The film plays out with several action sequences and vignettes that attempt to shed light on each of the characters, but all of which fail to develop them beyond one dimension. There's Roque (Idris Elba), who serves as Clay's trusted confidante and who likes knives—the larger the better; Pooch (Columbus Short), the team's driver and an expectant father; Cougar (Oscar Jaenada) the marksman; and computer geek/break-in expert Jensen (Chris Evans).

It says something about the movie's weak screen banter that Cougar, who has no dialogue, is the most intriguing character in the movie. But an even larger failure is the story's inability to make engaging the character of Aisha, played by the striking Zoe Saldana, hot off her starring role in Avatar. She helps the team but has her own interests for doing so. Because she's beautiful, she gets to have a love affair with Clay, but their love scenes (not subtle, but not so explicit as to jeopardize the film's PG-13 rating) are passionless—just one more item to be checked off in this formulaic action film.

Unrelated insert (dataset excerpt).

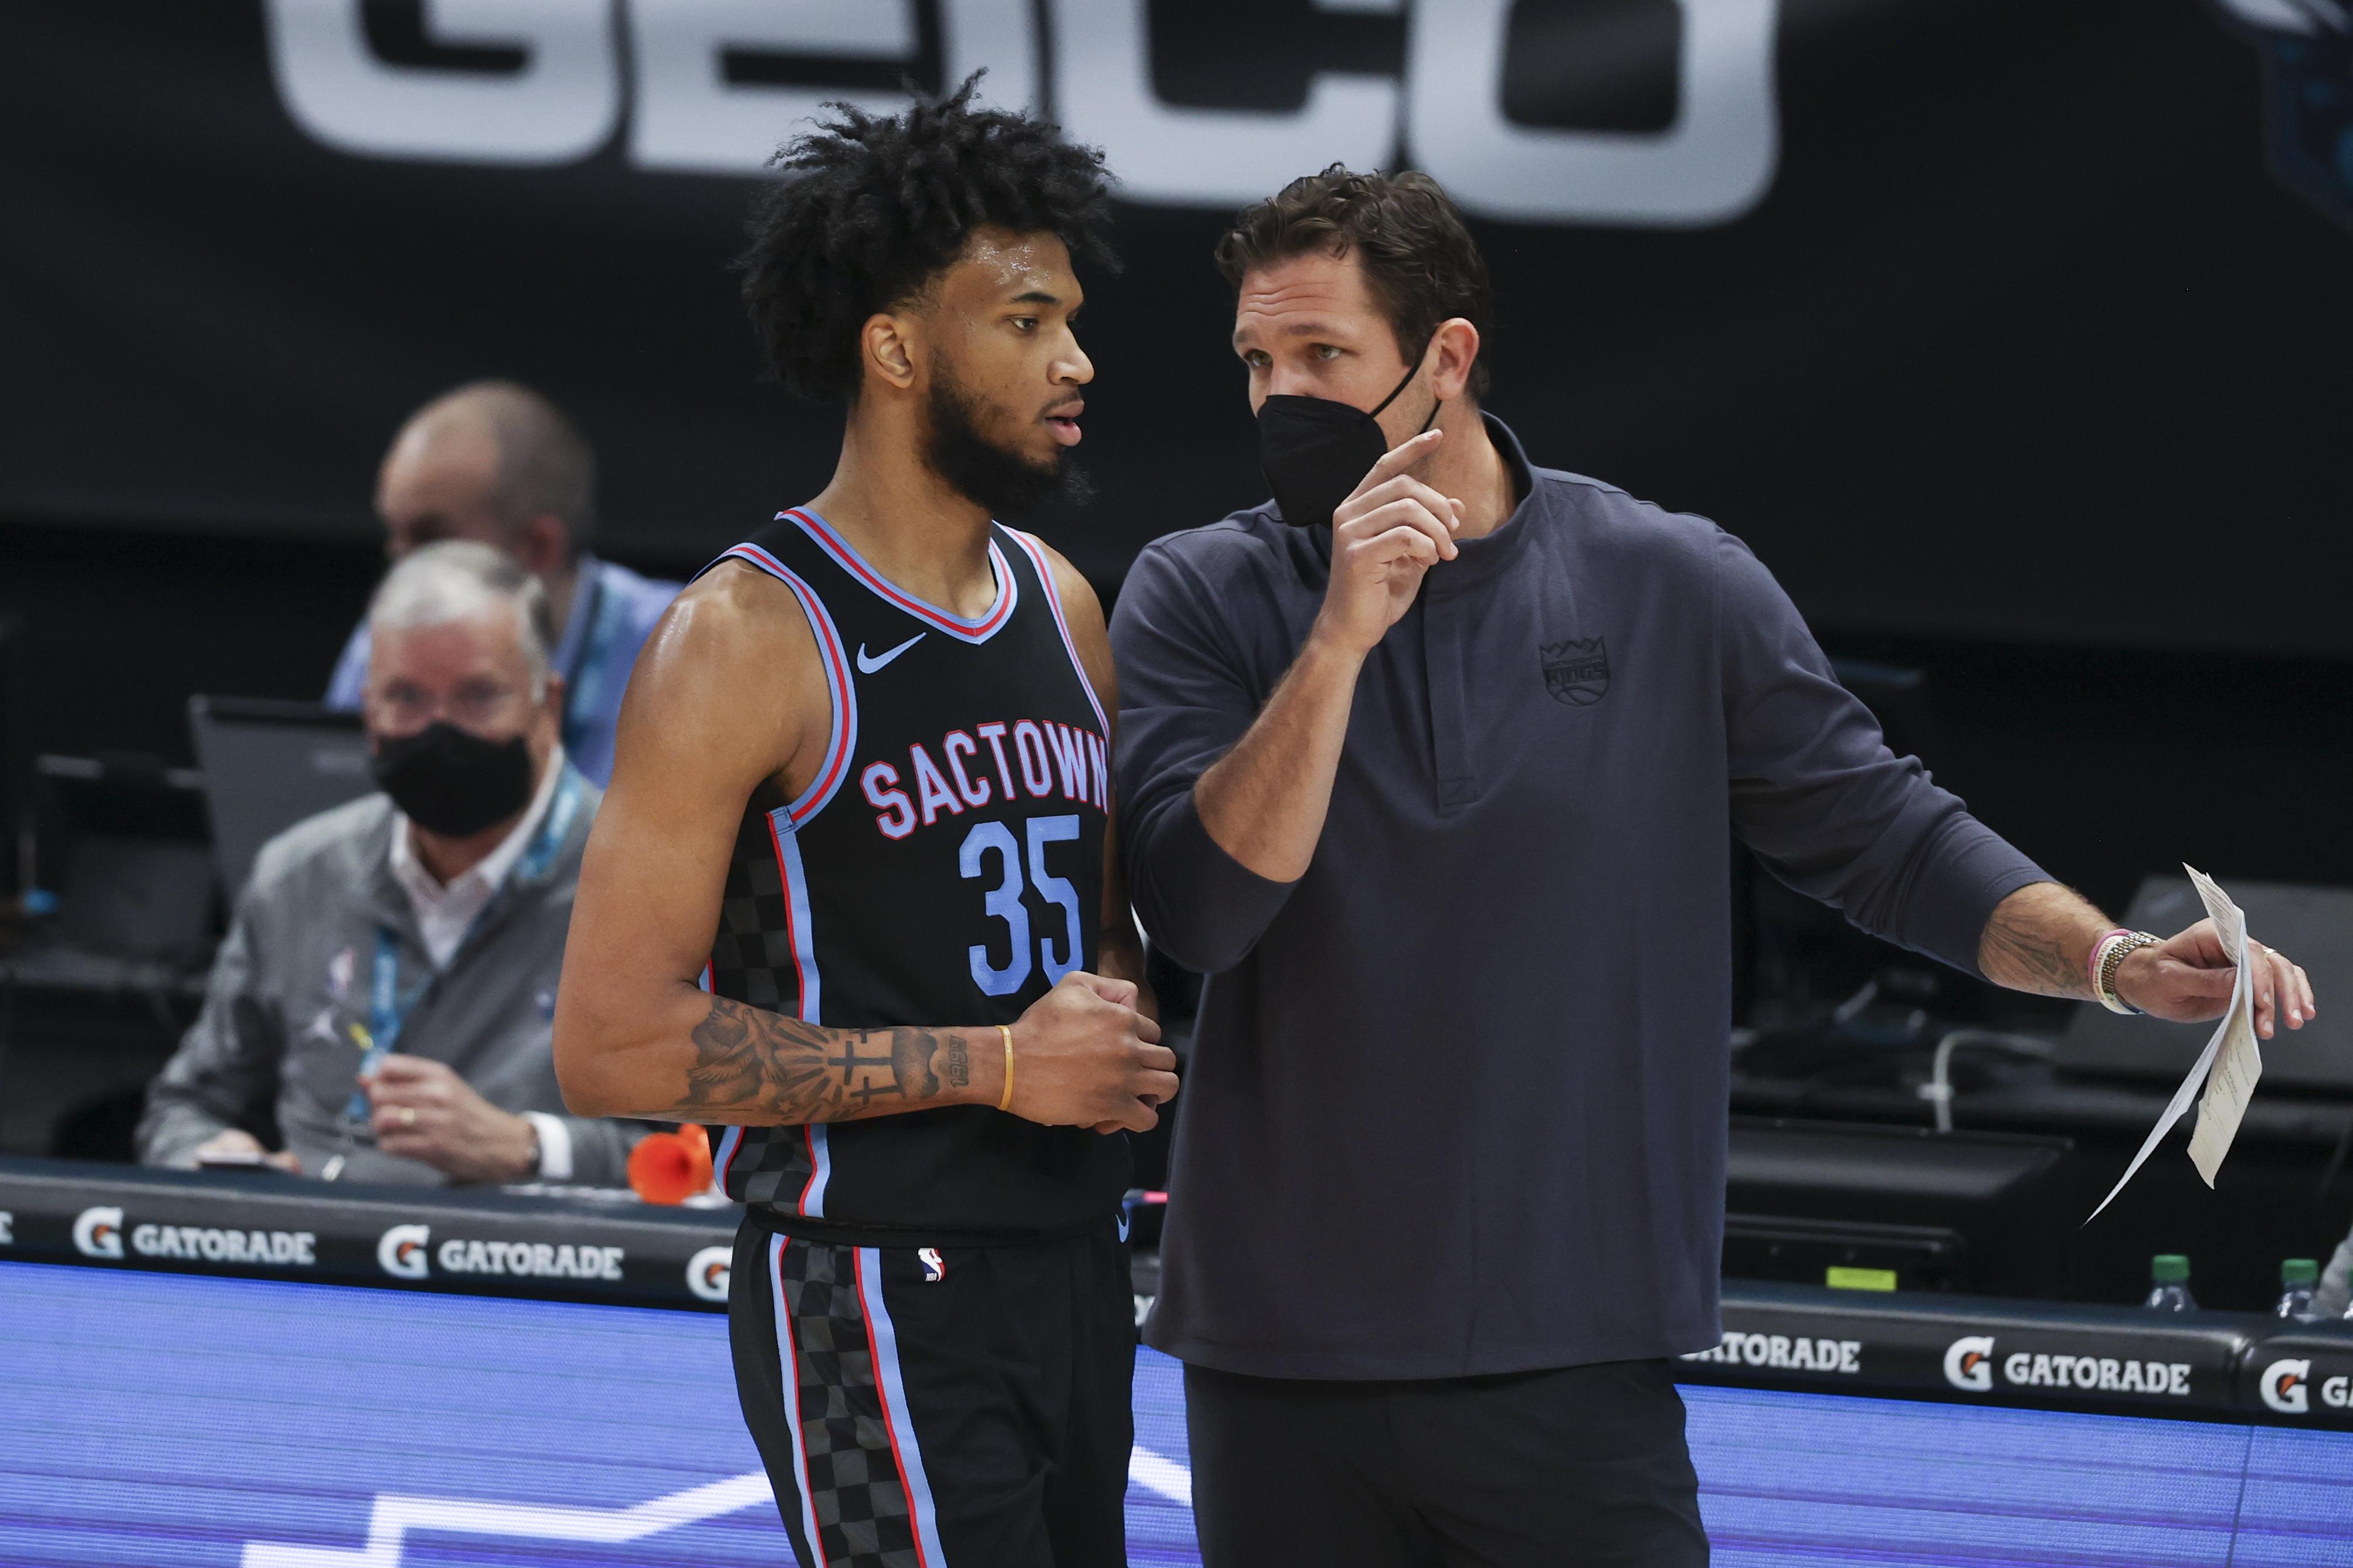 NBA: Sacramento Kings at Charlotte Hornets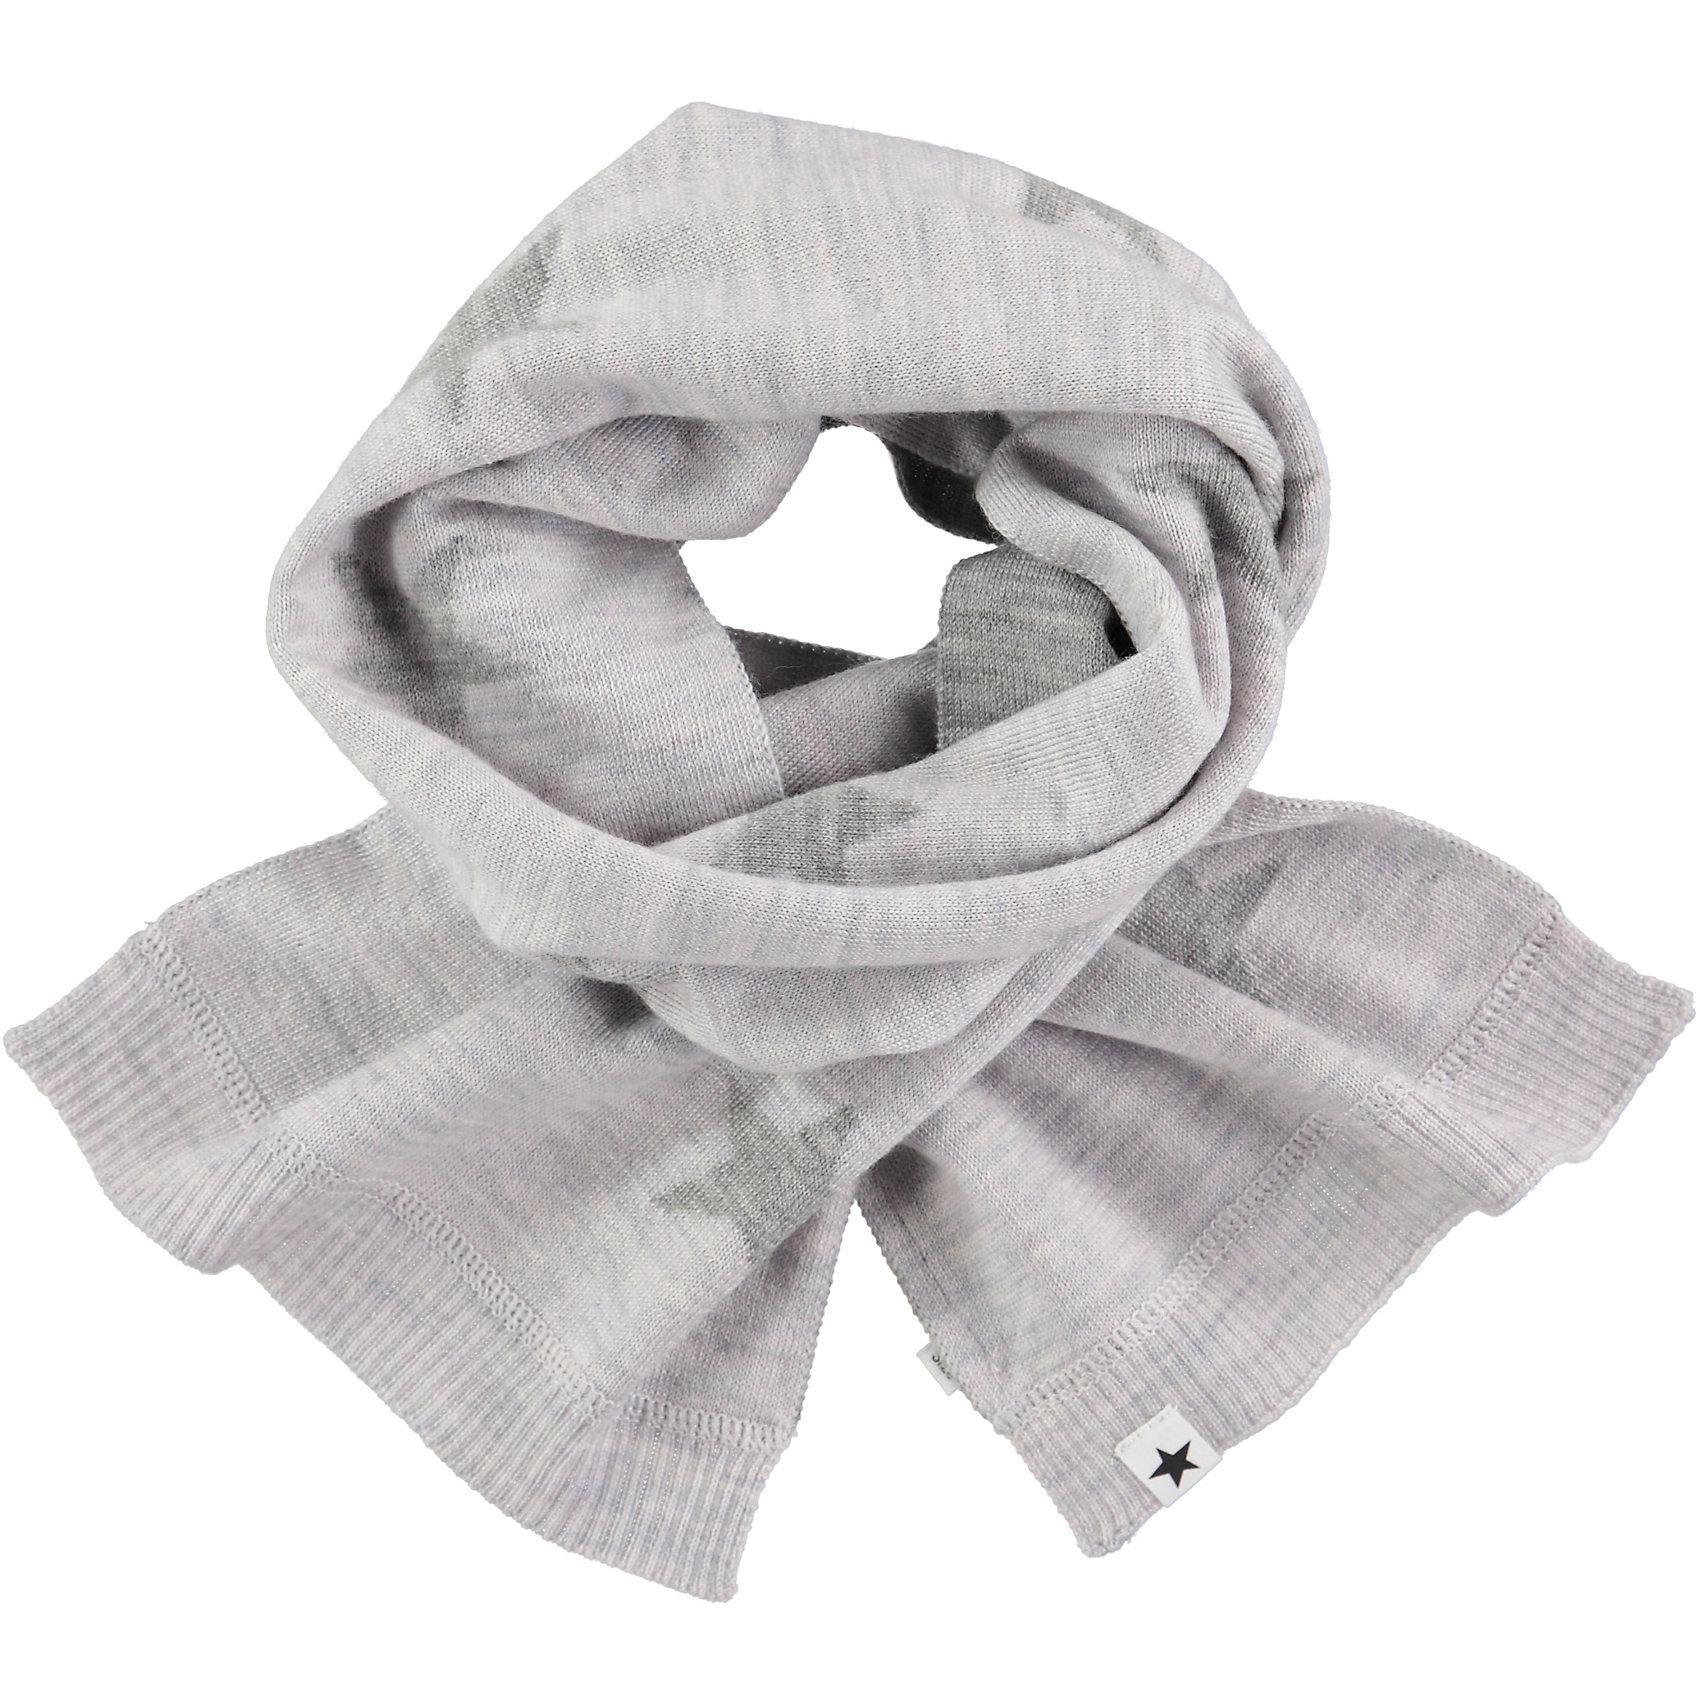 Шарф MOLOШарфы, платки<br>Балаклава зимняя Molo отлично защищает от холода и ветра, изготовлена из высококачественных материалов не вызывающих аллергию, имеет дополнительный флисовый слой<br><br>Ширина мм: 88<br>Глубина мм: 155<br>Высота мм: 26<br>Вес г: 106<br>Цвет: светло-серый<br>Возраст от месяцев: 60<br>Возраст до месяцев: 168<br>Пол: Унисекс<br>Возраст: Детский<br>Размер: one size<br>SKU: 6995337

Patric's Max is the film's strangest creation, and its biggest disappointment. He's a suave killer who can slay 'em with witty one-liners just as soon as shoot them in the head, but Patric never finds the right balance in tone to convince us that Max is both debonair and lethal. He comes off instead as stunted and socially inept. How did this guy end up controlling the fates of so many others?

With characters we don't care about and actors who are unconvincing, maybe it's a blessing that The Losers is also instantly forgettable. Finding a better viewing option shouldn't be difficult.


Questions? Comments? Contact the writer at crosswalkchristian@hotmail.com.

CAUTIONS:

  • Language/Profanity:  Lord's name taken in vain; the "f" word; multiple obscenities.
  • Smoking/Drinking/Drugs:  Drinking, including a champagne celebration.
  • Sex/Nudity:  Simulated hand-shadow sex; sex jokes; women in bikinis; verbal reference to prostitutes; kissing; jokes about pornography; a woman's top is removed by a man and, in the next shot, she lies on top of him, with the two of them undressed but covered by a blanket; a man removes his pants in an elevator and when the doors open, asks several women staring at him, "Like the angle of the dangle?"; a woman shown in skimpy underwear.
  • Violence/Crime:  Machine gun killings, with freeze-frames as the bullets hit the bodies of their targets; man holds a knife to a boy's neck; a bomb strike targets a village with children; a plane with several passengers is shot out of the sky; cock fighting; theme of revenge; man thrown off roof; a pollution-free device for "green terrorists"; guns pointed at heads and triggers pulled; car-bomb detonation; a man displays a badly scarred hand; more shooting and killing; a rocket launcher if fired; a brawl involving several people; a man is sucked into a plane engine; thugs take a man's watch.
  • Gambling:  Some card playing and betting.